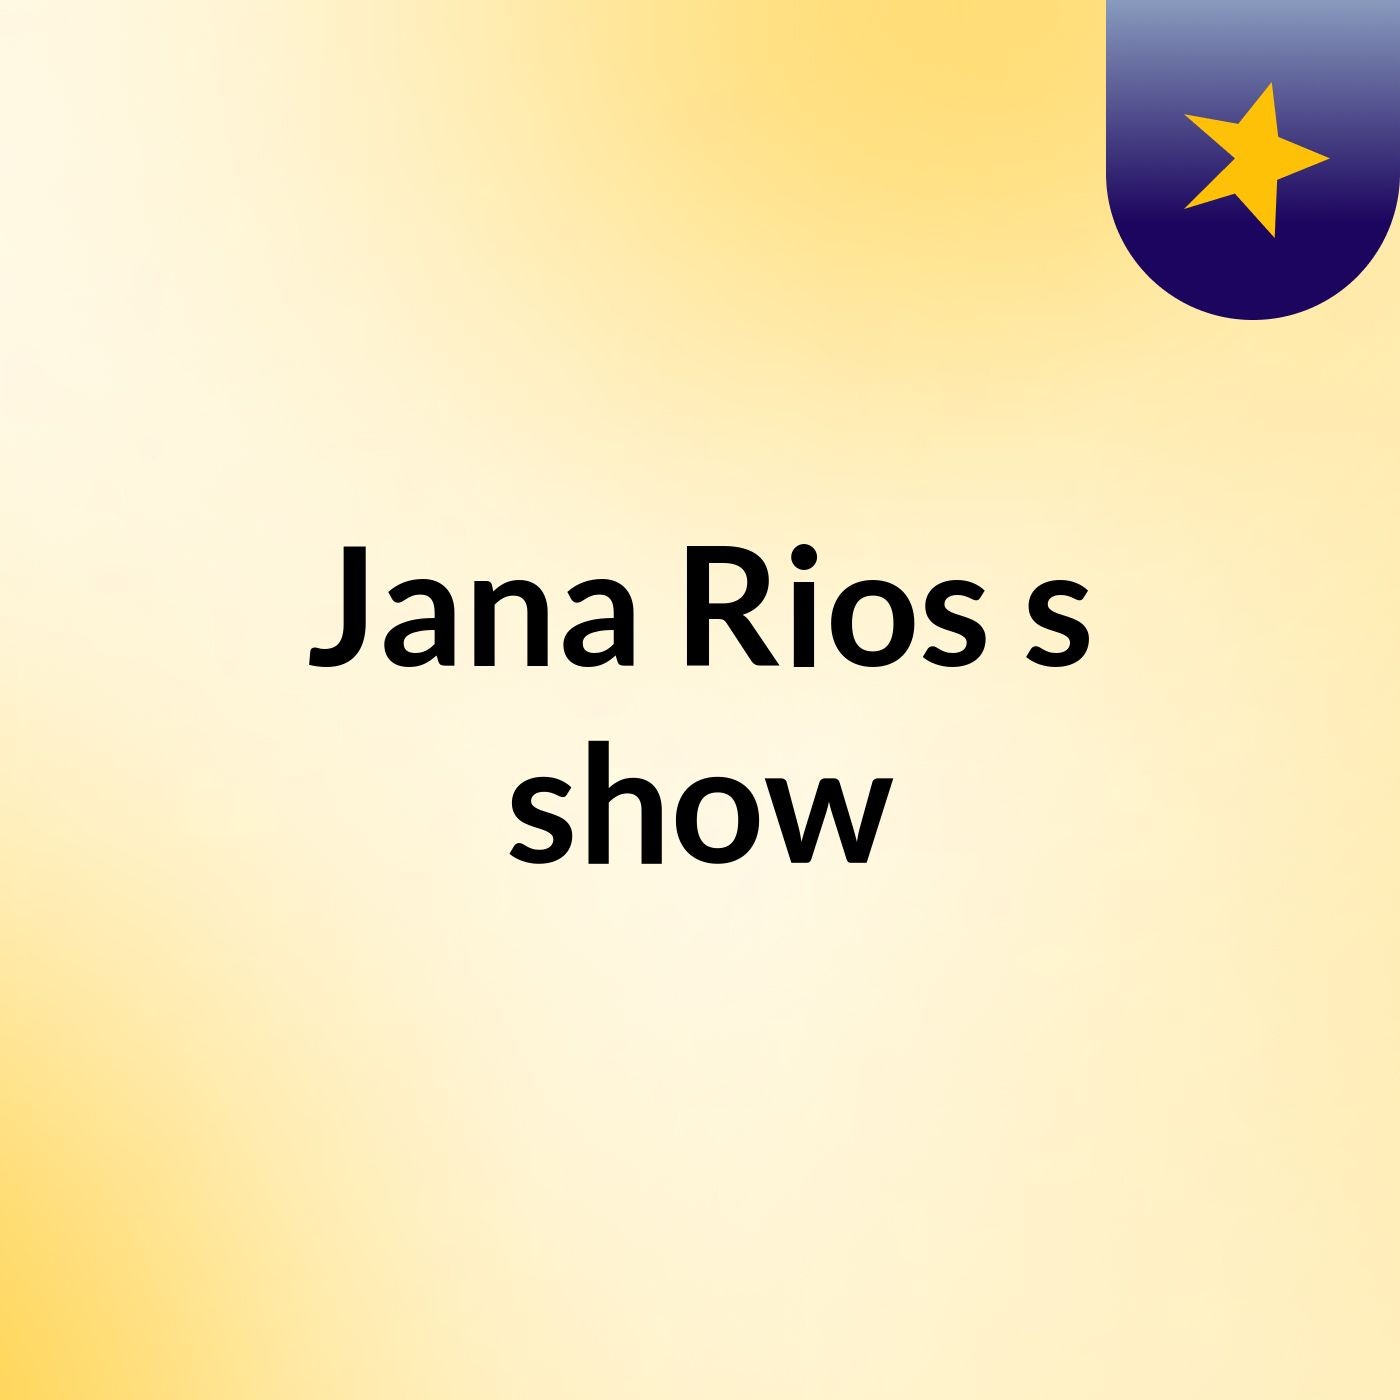 Jana Rios's show
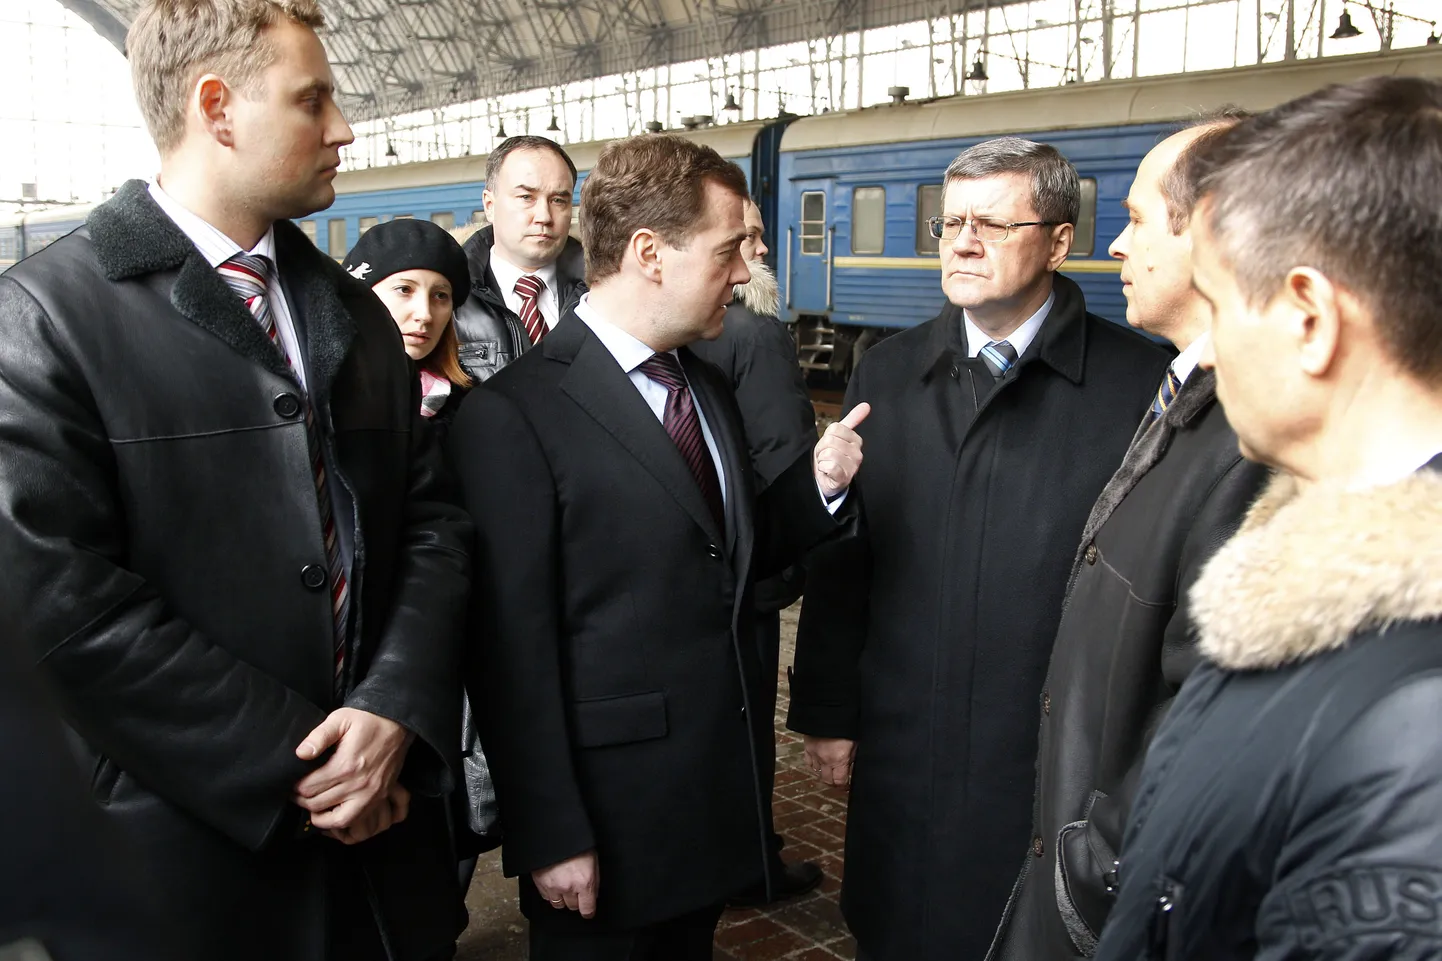 Медведев провел вчера проверку на Киевском вокзале Москвы и остался недоволен мерами безопасности.
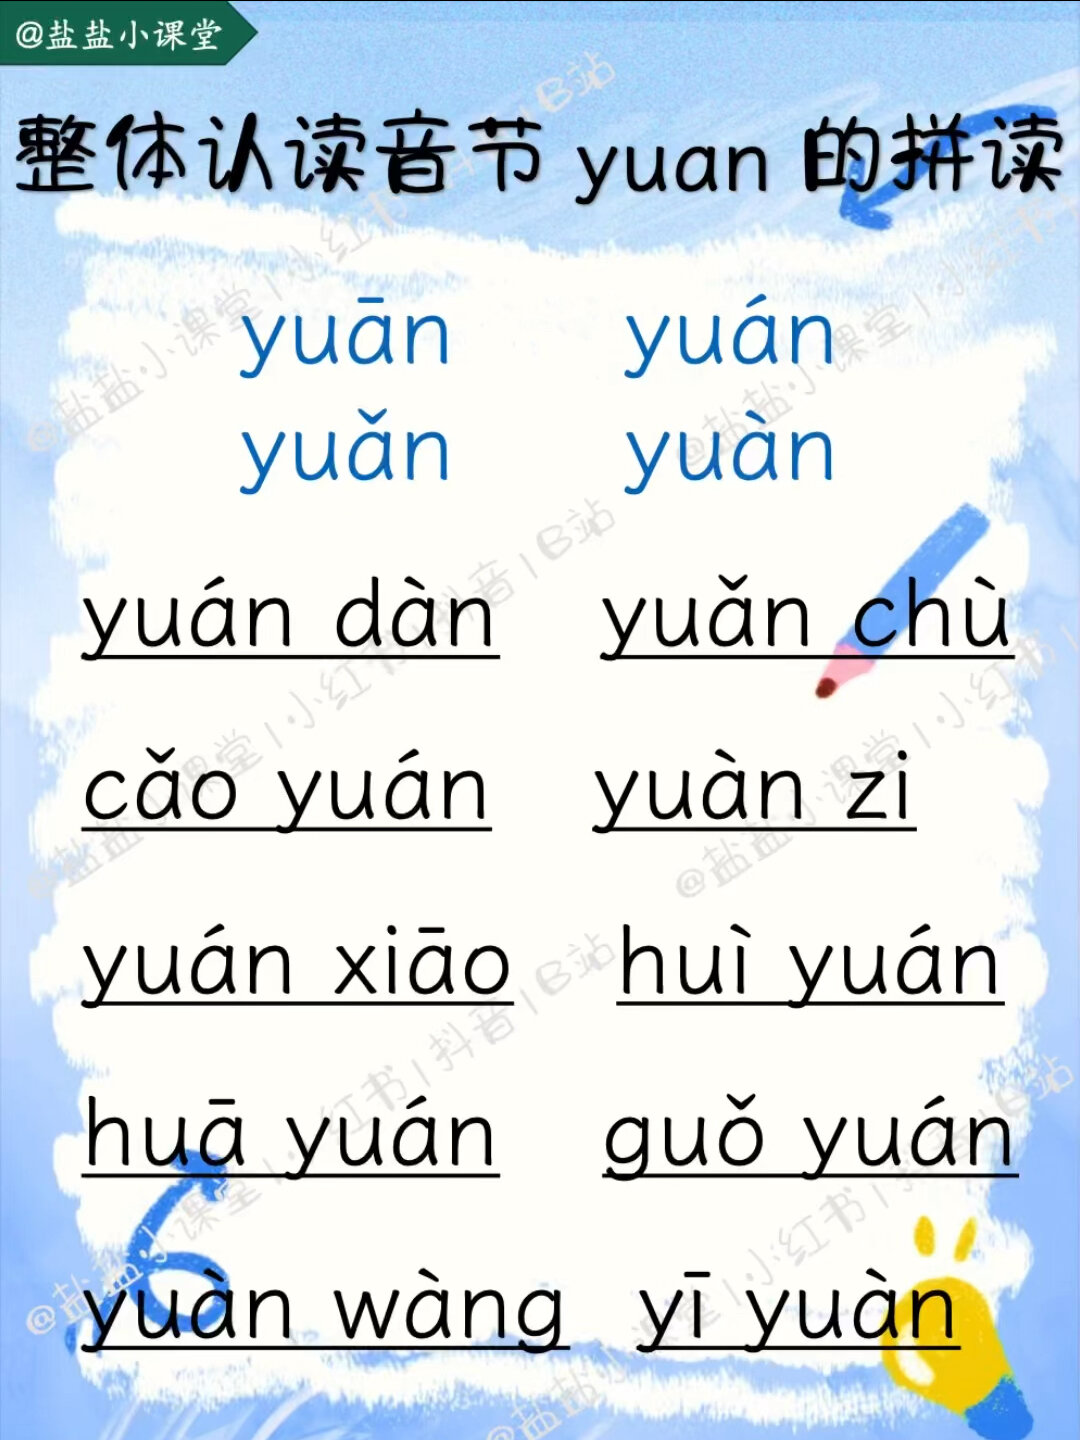 「拼音带读」《整体认读音节音节yuan》

WHAT THE TASK ASKS
Transcribe all of the listing precisely. The images stay out of it.

REPLY
 Jana Rios's show
 Медведев провел вчера проверку на Киевском вокзале Москвы и остался недоволен мерами безопасности.
 「拼音带读」《整体认读音节音节yuan》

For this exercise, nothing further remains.